Al día siguiente nos mandaron llamar. Toda la noche sin dormir una gota. Y lo mismo, que el número, que el de cualquier familiar, no se hagan pendejos. Se lo juro que no tenemos números, le dije, la saliva caliente en mi boca. Si no dan sus números voy a llamar al Negro.

            Y llamó al Negro.
          Llegó muy altanero, era grande, llevaba una buena camisa y también tenía una pistola en el cinto. Por su voz me fijé que también era centroamericano. Qué canijo, pensé, es paisano. Quién no quiere dar su número, cabrones, Si no dan su número me los llevo a lo oscurito, no se hagan imbéciles que no estamos jugando. Ese mismo día comenzaron a hacer las llamadas a las familias de los otros, y a pedirles dinero, les decían que sus familiares estarían en unos tres días del otro lado, pero el dinero, siempre el dinero antes. Una tía de un muchacho al que estaban golpeando mientras hacían la llamada, prometió que iba a mandar ochocientos dólares. Y al rato el chavo ya andaba bien tranquilo, todo madreado, pero tranquilo. A mí lo que me encanijaba, pero encanijaba a lo pendejo porque nomás no hacía nada, era cuando se llevaban a una mujer, sin importarles la edad, se la llevaban y de afuera se escuchaban sus gemidos, sus lamentos vacíos y roncos. Puta madre. A nosotros nos llevaron a un cuarto más pequeño, todo oscuro. León temblaba aunque hacía un chingo de calor, pero temblaba, ya no decía nada, se moría de miedo y hambre. Los números, cabrones. No tenemos. El señor del bigote se rascaba el ombligo. Una aguja entre las uñas. Con una madre, den los números. No tenemos. Los dedos sobre el vientre hinchado, pensando.
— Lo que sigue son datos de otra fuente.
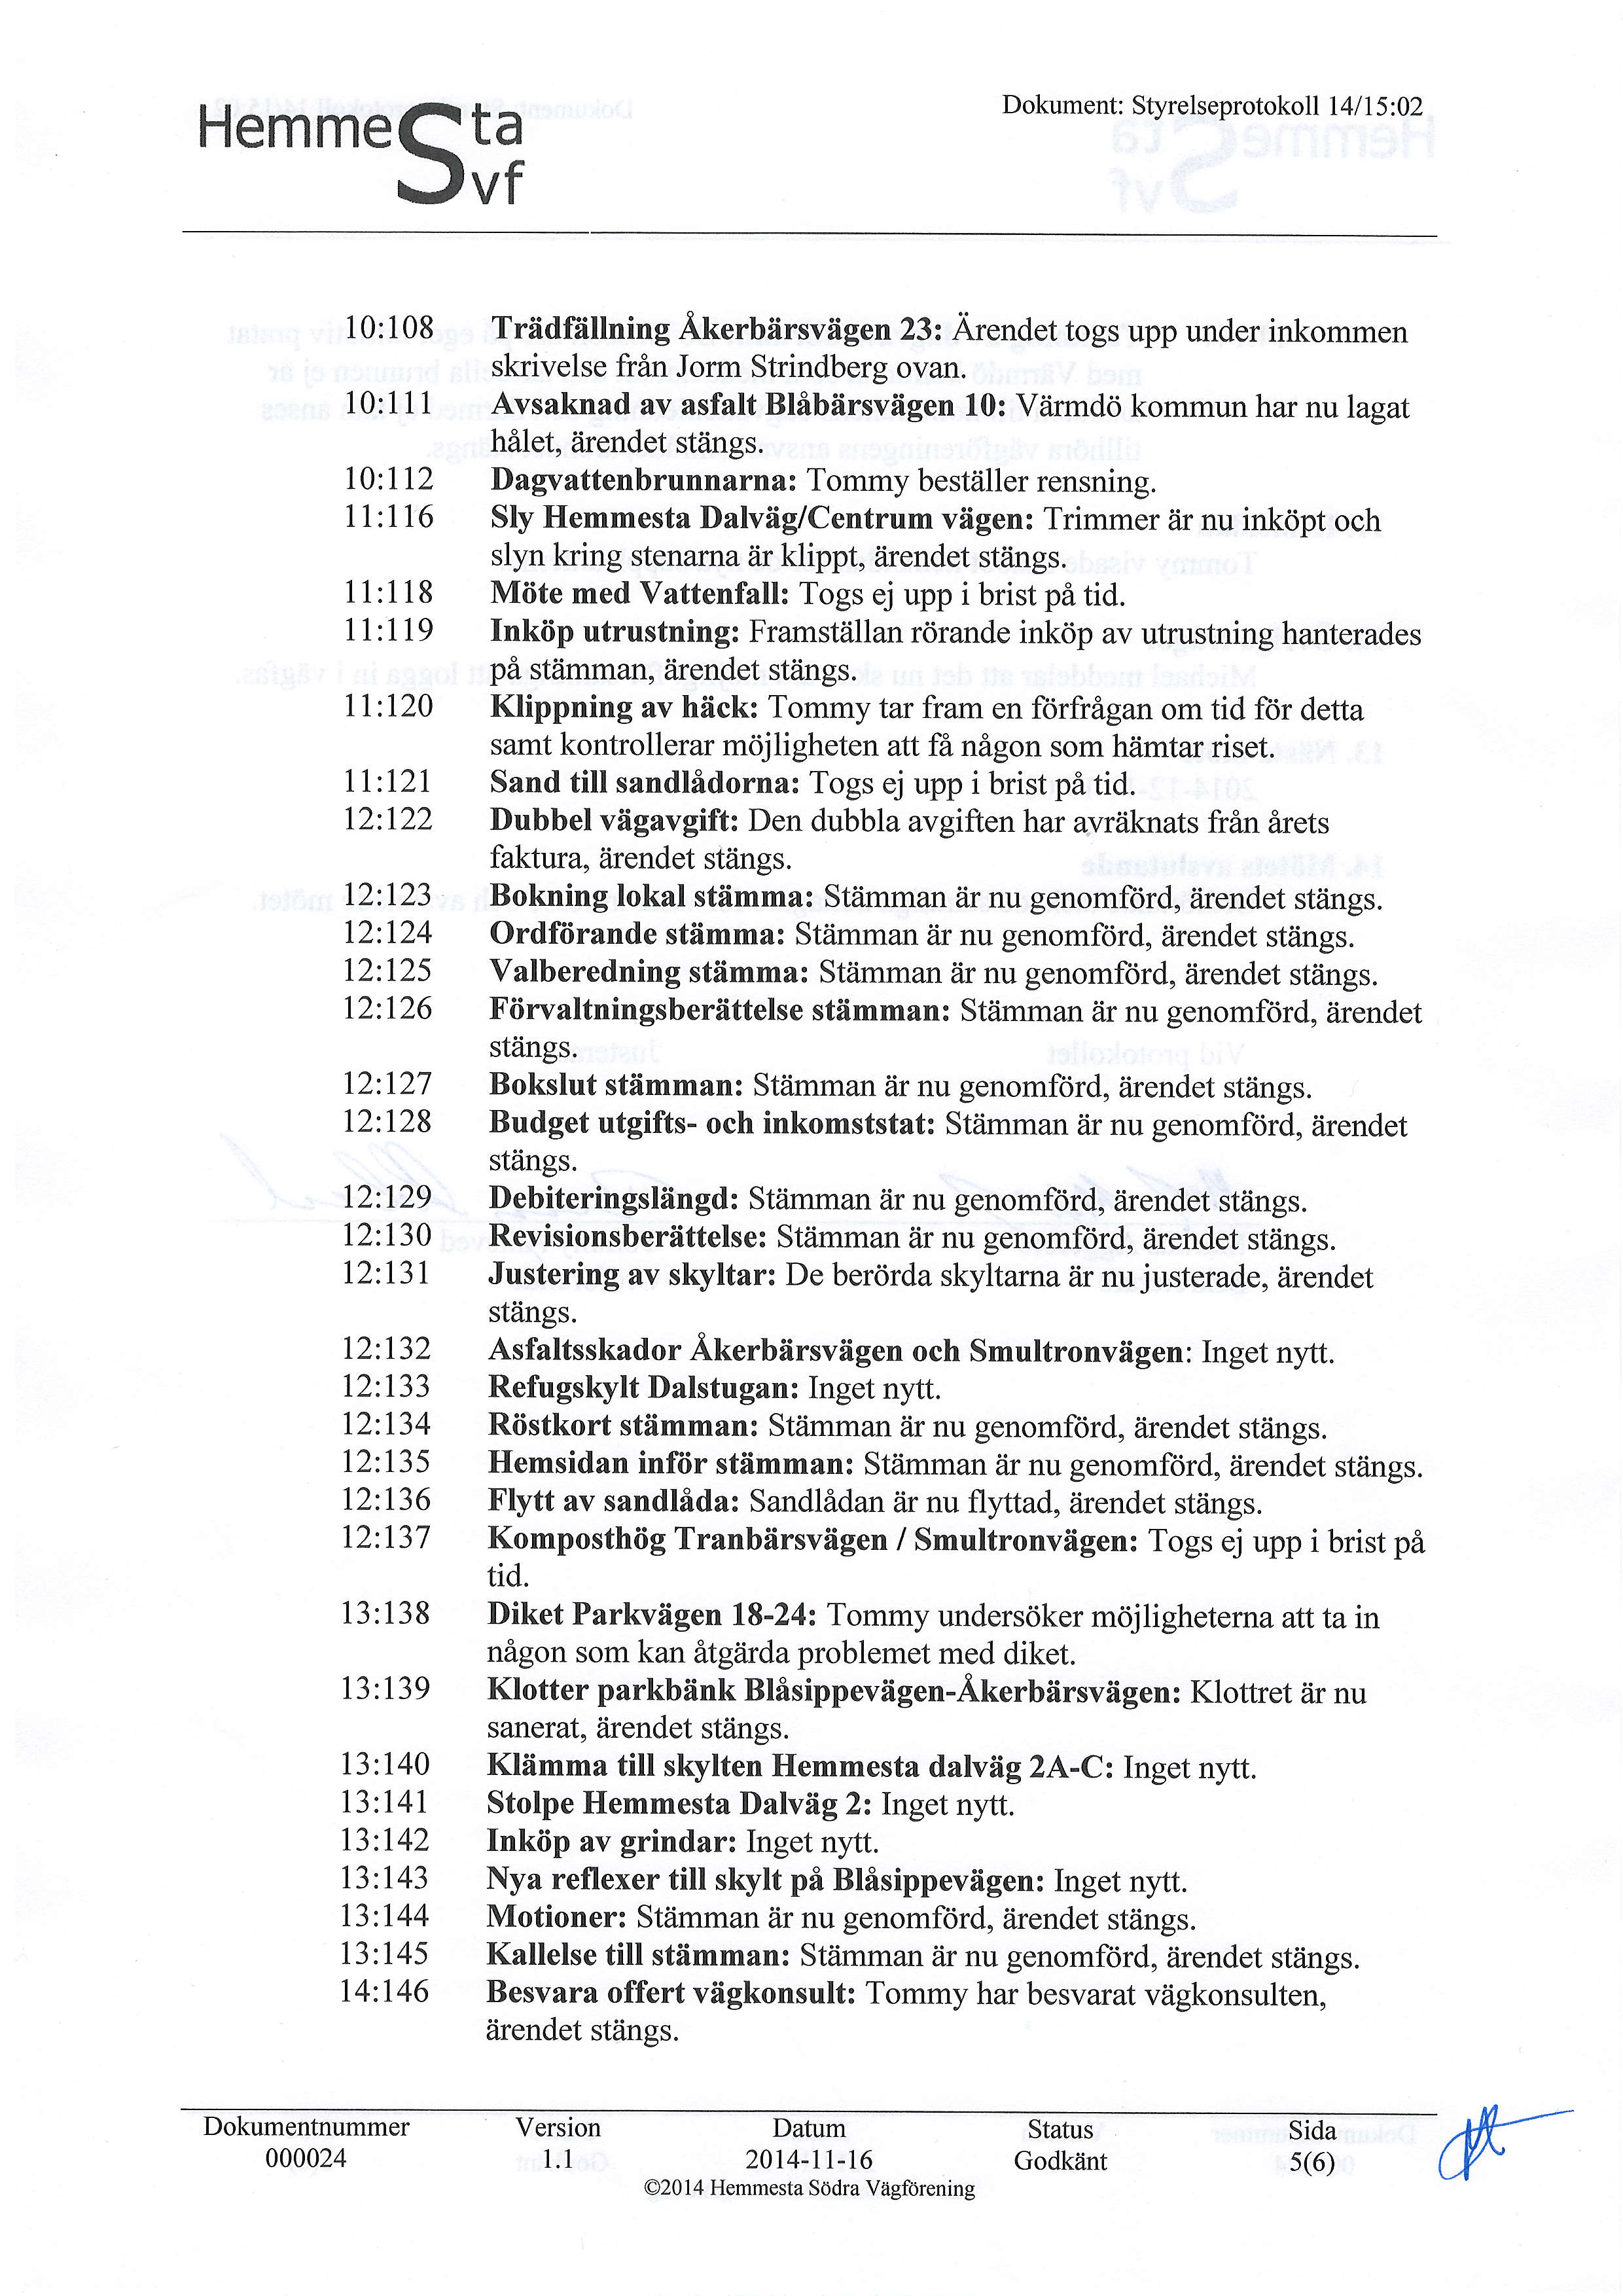 HemmeQtu Jvf Dokument: Styrelseprotokoll l4l 15 :02 10:108 Triidfiillning Akerbiirsviigen 23: Arendet togs upp under inkommen skrivelse frin Jorm Strindberg ovan.

       Golpeados con garrotes... Ni una luz. Con el hambre grande grande en el estómago. León lloraba, siempre en silencio, se andaba muriendo lento, y no por los golpes, que la vida hasta ahora ya nos había golpeado mucho; si uno sale de su país por eso, por tan madreado que está. Nomás que antes había una rendija de luz y ahora ni eso. Antes era pensar en Estados Unidos y cruzarse, pero ahora qué, sólo no desear la muerte y eso ya no, ya no es ser libre. El techo se cae a nuestro alrededor, hay pura tierra y malos olores, todo encerrado, la mente y los pensamientos; retenidos por un corazón pobre. Con tanta cosa en el mundo, tantos caminos, la gente elige, elige qué hacer, pero que elija con el corazón, con un corazón humano y así salpica de bienestar a otro. Basta un corazón malo para matar la libertad de muchos. Porque estar sometido a la fuerza de las sombras, sin la mente clara y con el alma mordida por el miedo: mata la esperanza, sueño de libertad… Ser libre es tener un pensamiento puro en la memoria. Aunque el pensamiento sea pobre, sea de la gente en Honduras, de los colores de la selva, el recuerdo de una risa, la humedad de la tierra. Un pensamiento puro en la memoria para respirar, para dormir una gotita de sueño… Porque a final de cuentas los del número, qué si se los doy, si ése es un número que vende mi libertad, y la de mis seres queridos. Yo por eso no, ni tengo número ni quiero tener. Yo nomás quiero desaparecer los pensamientos humillados en mi cabeza; quiero ver tantita luz en los recuerdos. La puerta se abre, nos saca el hombre grande, nos lleva con el del bigote. Entre sus dedos bailotea la hoja con los números. Huelo mi propio hedor: sudor y orines. El hombre grande está detrás de nosotros, pegado a la puerta. El hombre hace círculos con un dedo alrededor de los botones de su camisa, mastica un chicle. Con una voz comprensiva, amistosa nos dice mirándonos con los ojos entrecerrados: ¿De veras no tienen número?